9th Inspector General of Police
- In office 1993 – 29 May 1999
- Preceded by: Aliyu Attah
- Succeeded by: Musiliu Smith

Personal details
- Born: 18 March 1942 Katsina, Colonial Nigeria
- Died: 19 July 2018 (aged 76)
- Relations: Abidina Coomassie (brother)
- Occupation: Police officer

= Ibrahim Coomassie =

Nigerian police officer (1942–2018)

Ibrahim Coomassie (18 March 1942 – 19 July 2018) was a Nigerian police officer and the 9th Inspector General of Nigerian Police serving between 1993 and 1999, under the military governments of Generals Sani Abacha and Abdulsalami Abubakar. He died on Thursday 19 July 2018 after a protracted illness. He was 76 years old.

==Background==

Ibrahim Coomassie was among the eldest sons of Malam Ahmadu Coomassie, an educationist and businessman who became a permanent secretary of the ministry of education in the Northern region.
Ibrahim Coomassie was born in Katsina State on 18 March 1942. He was educated at the Provincial Secondary School, Zaria, Barewa College, Zaria, the Detective Training College, Wakefield, UK and Washington DC in the United States.

==Inspector General of Police==

In 1993, Ibrahim Coomassie was appointed Inspector General of the Nigerian police, succeeding Aliyu Attah.
In June 1994, president-elect M.K.O. Abiola was arrested without warrant and detained by the police. He was mistreated in prison, where he was held for four years before dying in June 1998. Although head of police, Coomassie evaded responsibility for the detention.

In 1996, Coomassie launched an investigation into police actions during the military rule of General Ibrahim Babangida (1985–1993). In July 1997, Coomassie said he wanted to question the American Ambassador and members of the US Embassy staff about a series of bombings of military targets. The government had accused the National Democratic Coalition of responsibility and said publicly that they suspected American diplomats knew about the bombings in advance.

In March 1998, Ibrahim Coomassie said that the press was misinterpreting a speech that head of state General Sani Abacha had made in November 1997. He said General Abacha had promised to grant amnesty to some prisoners, but not to release political detainees.
At a police graduation ceremony in July 1998, Coomassie warned the new officers against corrupt practices, and said he had ordered the removal of all police roadblocks. However, the police roadblocks continued.
In 1998, Coomassie observed that any time a citizen became a public figure, his first act was to ask for an orderly and policemen to guard his house, as a status symbol.

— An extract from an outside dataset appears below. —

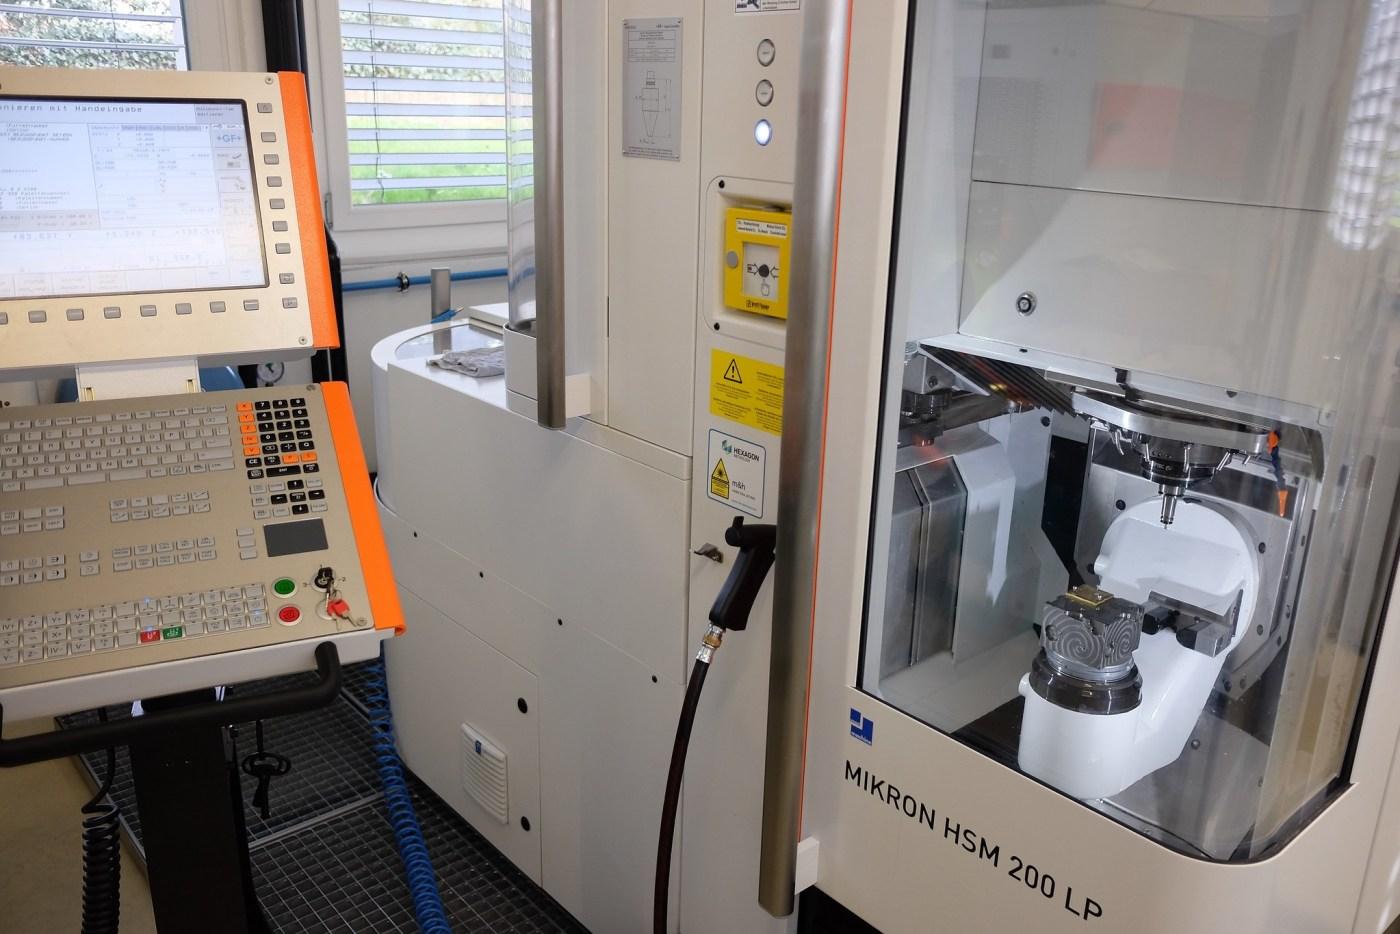 CNC machine at Armin Strom

Sani Abacha died in June 1998, apparently of a heart attack. A federal government delegation led by Ibrahim Coomassie paid a formal condolence visit to Mrs. Abacha. During the visit, she accused a prominent member of the delegation of being responsible for Abacha's death, and asked Coomassie to arrest him.

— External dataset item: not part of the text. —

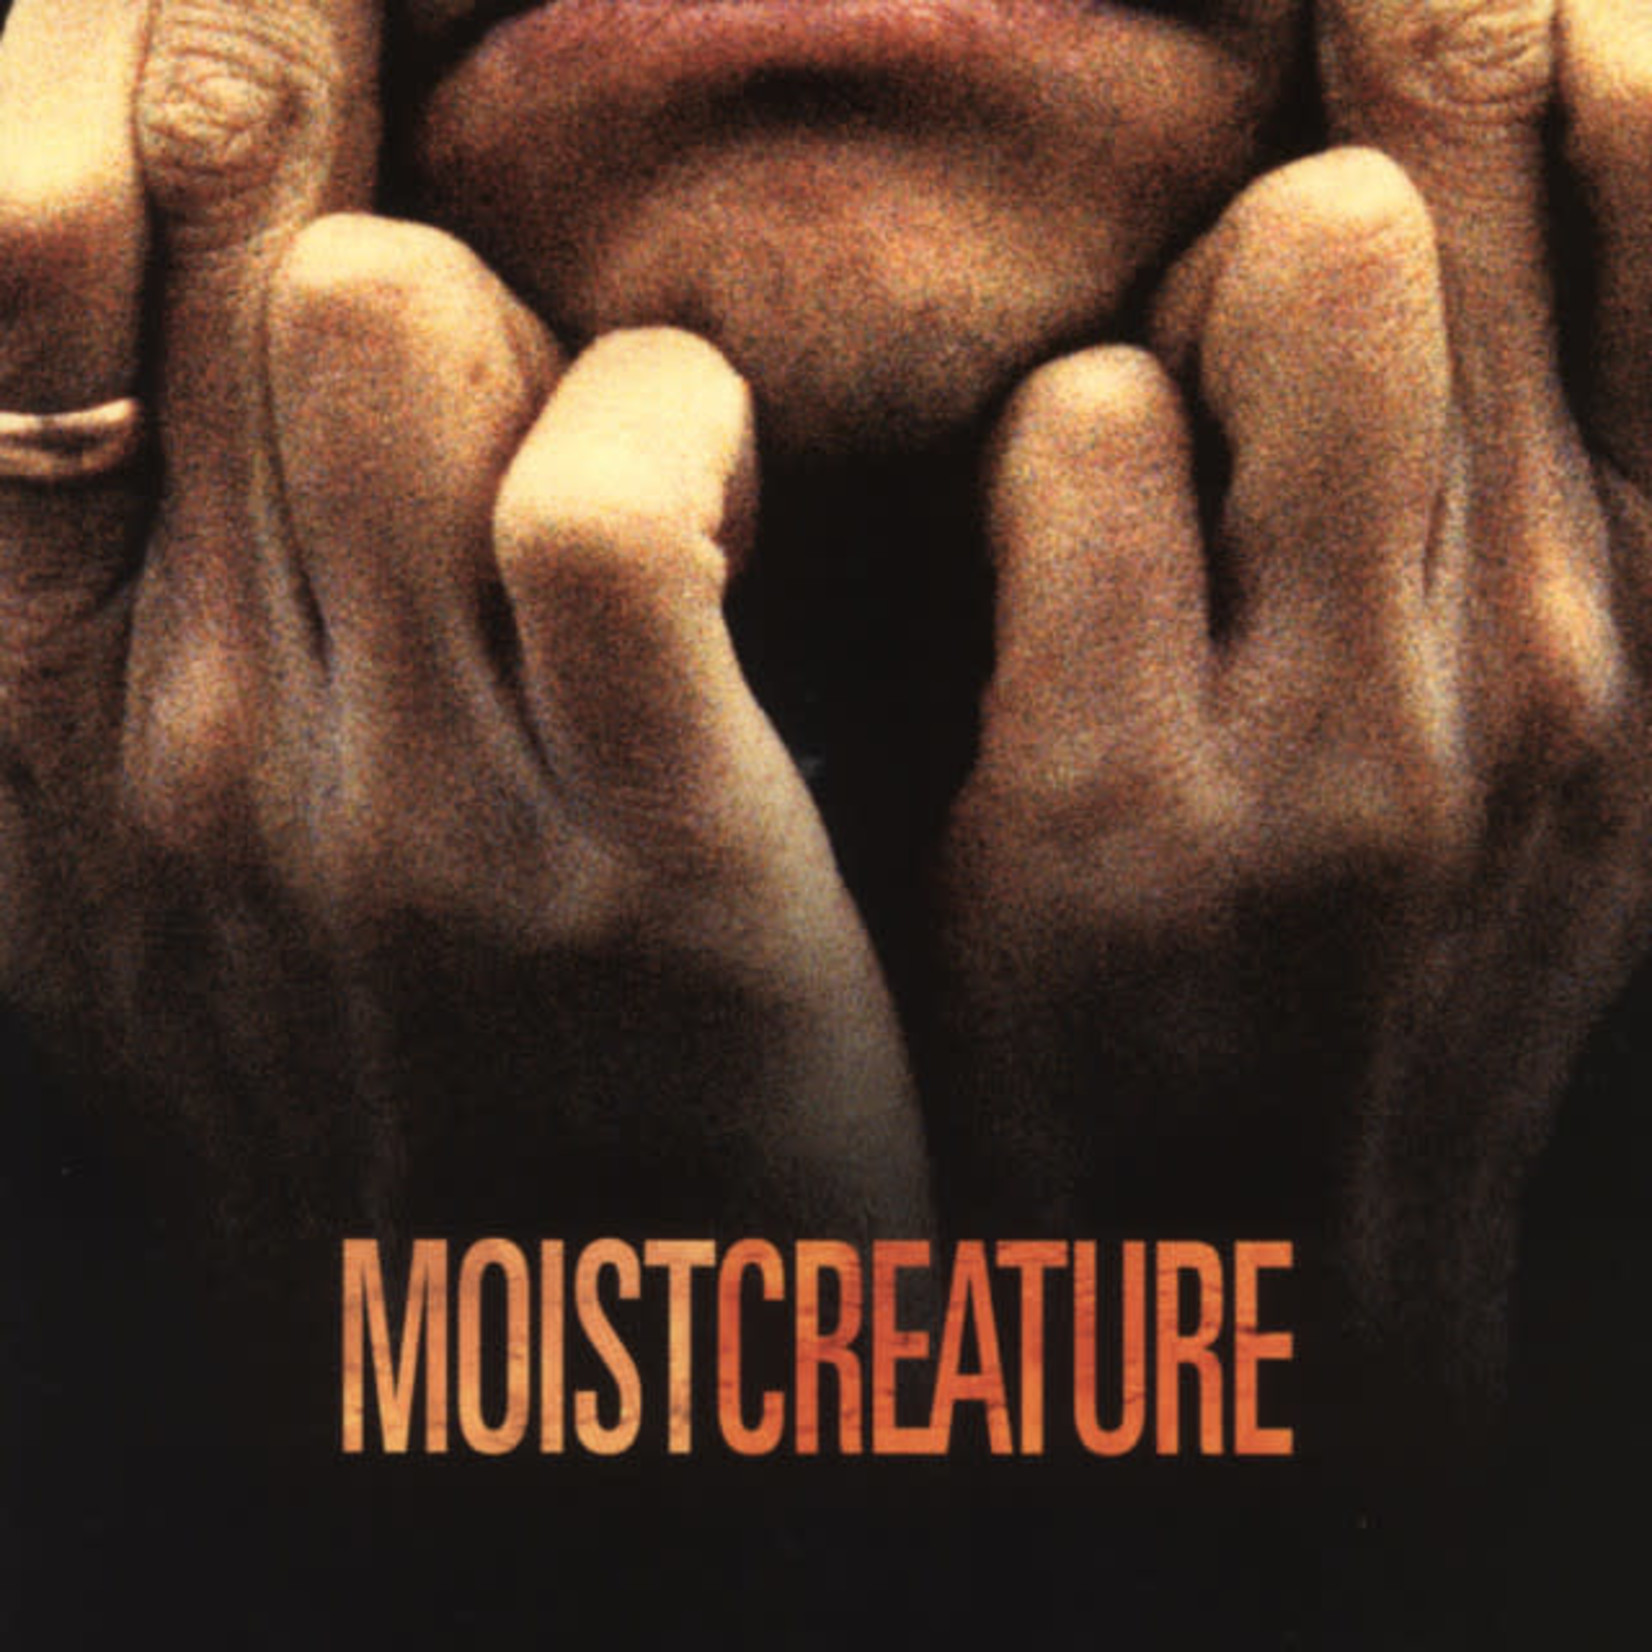 Vinyl Moist - Creature  Final Sale

In January 1999, Coomassie was part of a delegation that flew to Libya, despite a UN ban on air travel to that country, and held talks with the Libyan Foreign Affairs Minister.
Ibrahim Coomassie retired from service and left with the Government of General Abdulsalami Abubakar in May 1999.

==Later career==

In October 1999, government investigations into abuses by the Abacha regime, including the assassination of Kudirat Abiola (wife of M.K.O. Abiola) in 1996 and the suspected murder of Shehu Musa Yar'Adua in detention in December 1997, resulted in the arrest of Ibrahim Coomassie and other leading figures, including Mohammed Abacha, the dictator's son.
Coomassie was placed under house arrest.
Coomassie was reportedly scheduled to appear before the police's Special Investigation Panel. However, later that month, Information Minister Dapo Sarumi denied reports that Coomassie was under arrest.

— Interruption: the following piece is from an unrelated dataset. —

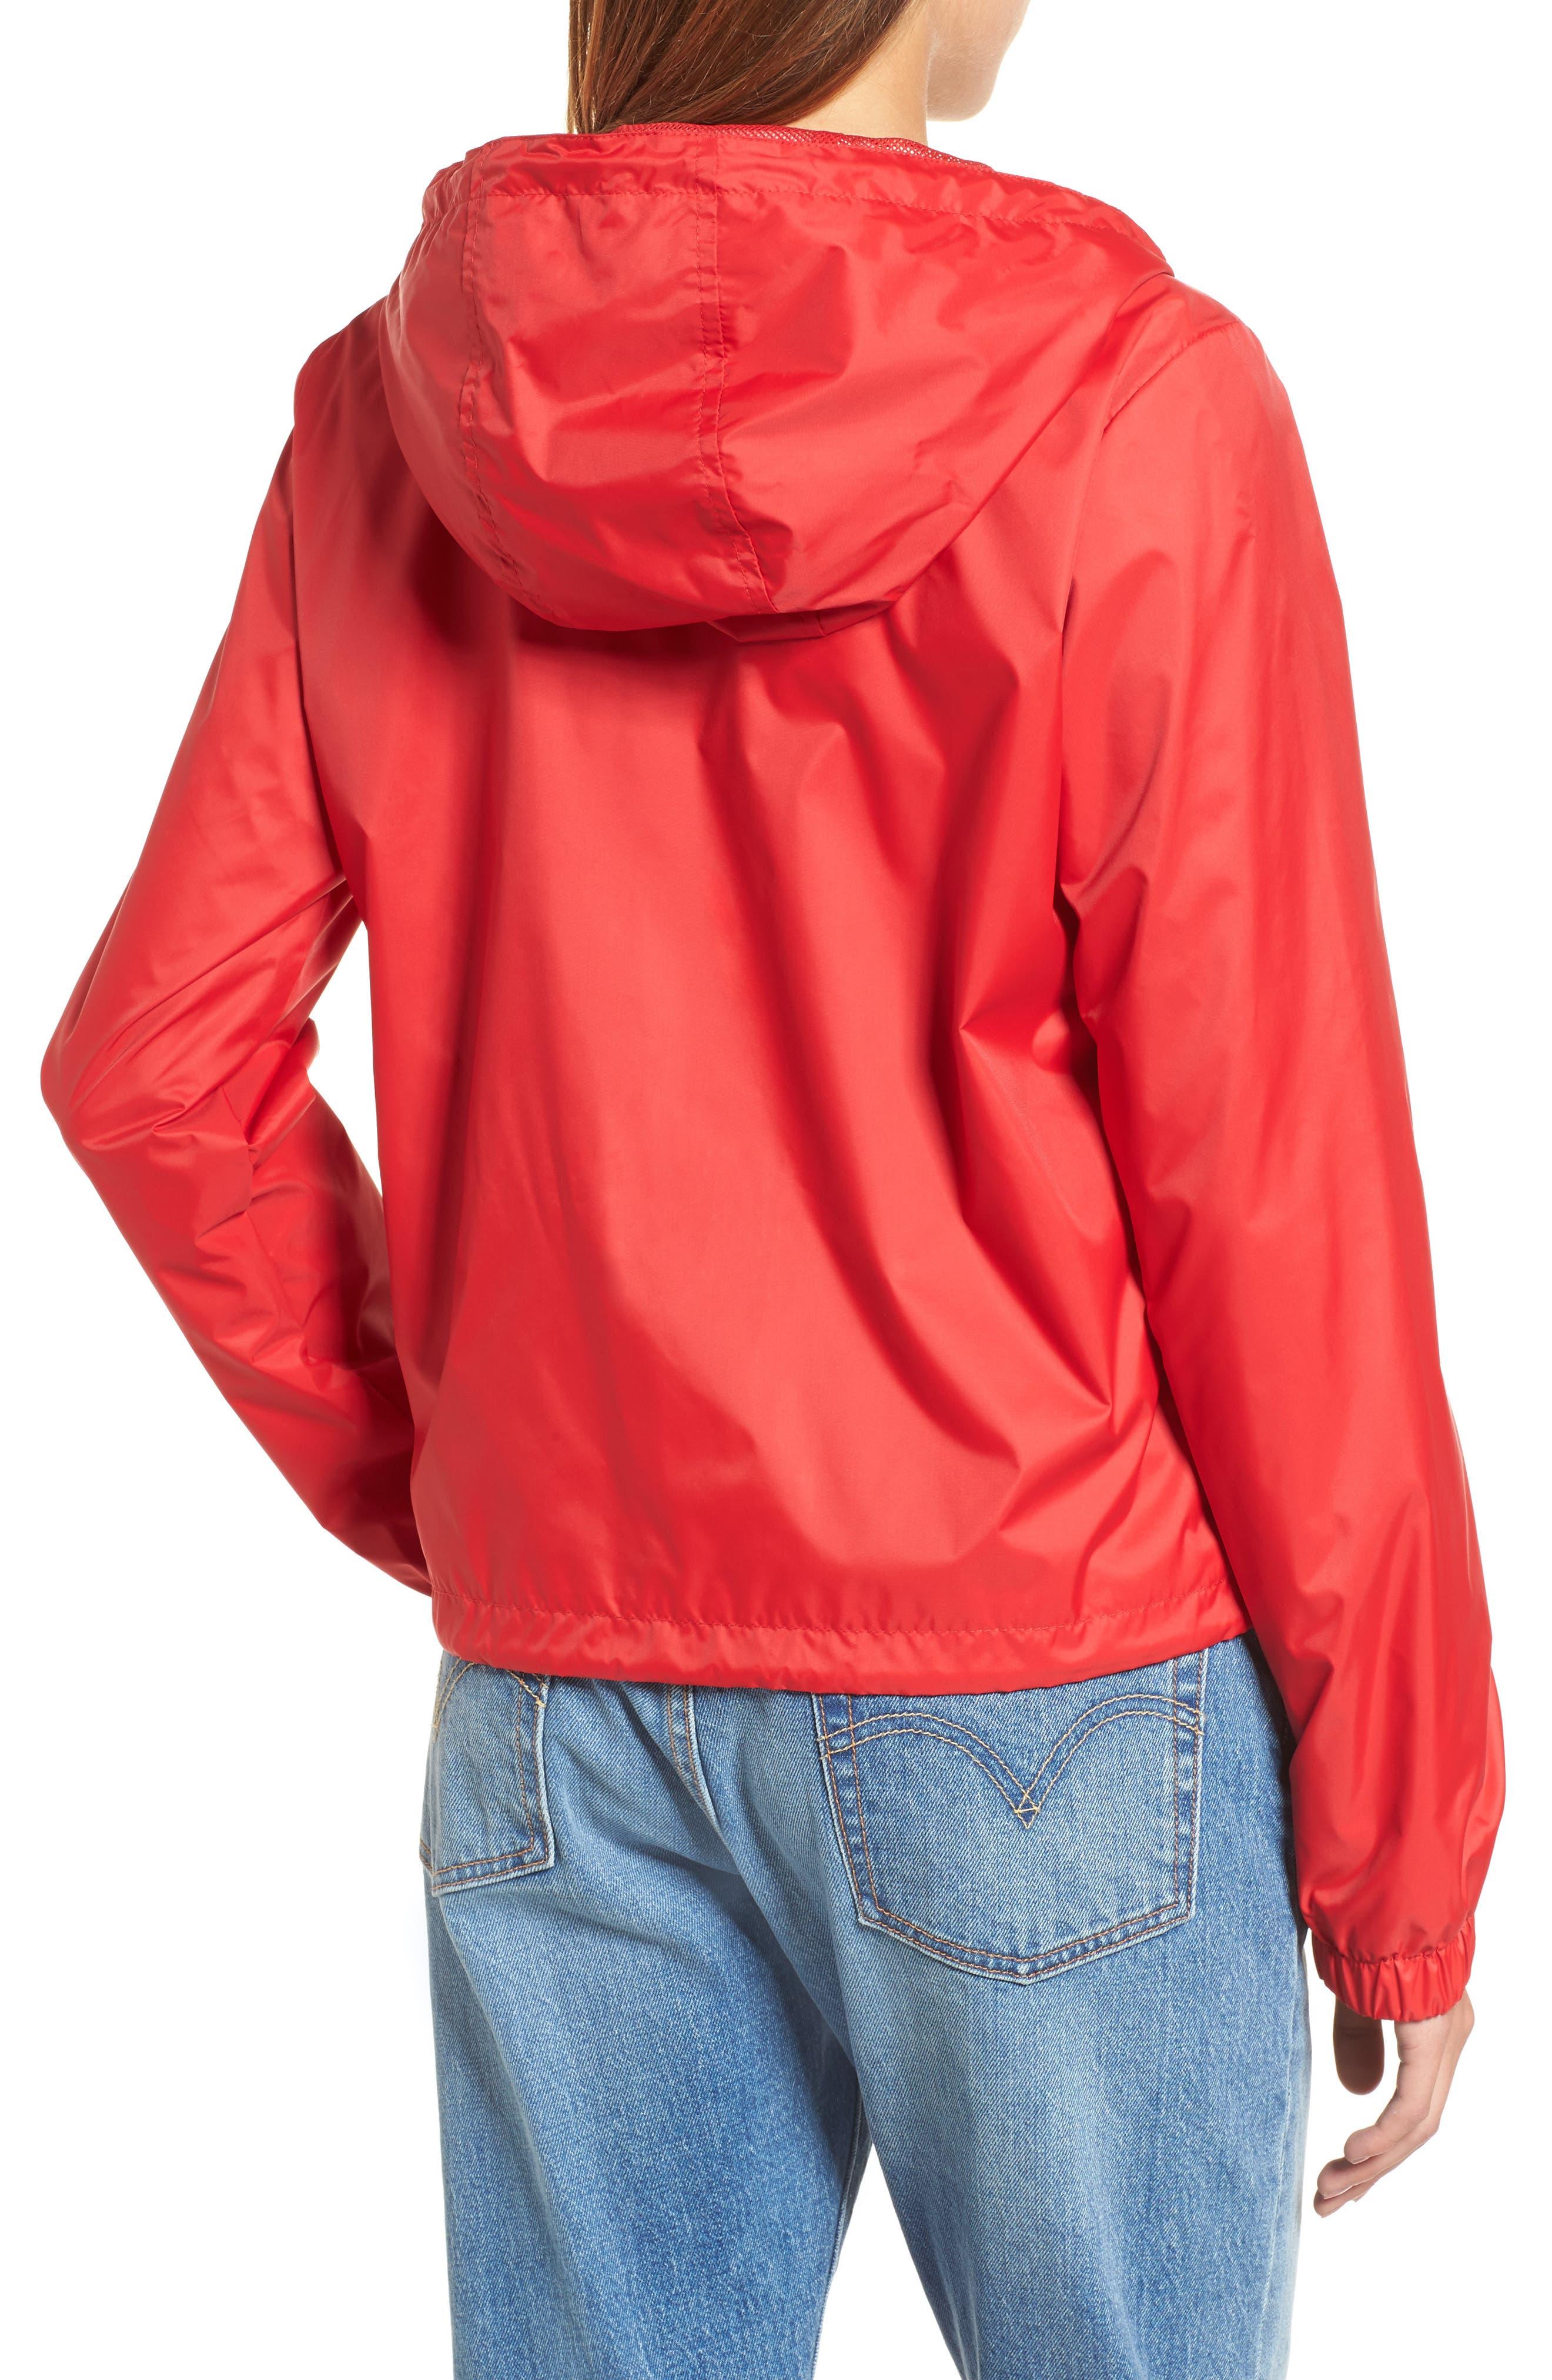 Retro Hooded Coach's Jacket,                             Alternate thumbnail 10, color,

In August 2004, the Emir of Katsina appointed him to a committee to the development and growth of Jamaatul Nasir Islam's activities in the state.
He became a member of the board of trustees of the Arewa Consultative Forum for Katsina State. The forum's mission is to protect the interest of Northern Nigeria and promote healthy co-existence that will sustain the environmental quality, livability, and economic vibrancy of the region.
In September 2008 he suffered serious injuries in a car accident, and spent some time in intensive care.
In August 2009, he donated about a million Naira worth of laboratory science equipment to the Police Boys secondary school, Mani, in Katsina State. He died on 19 July 2018.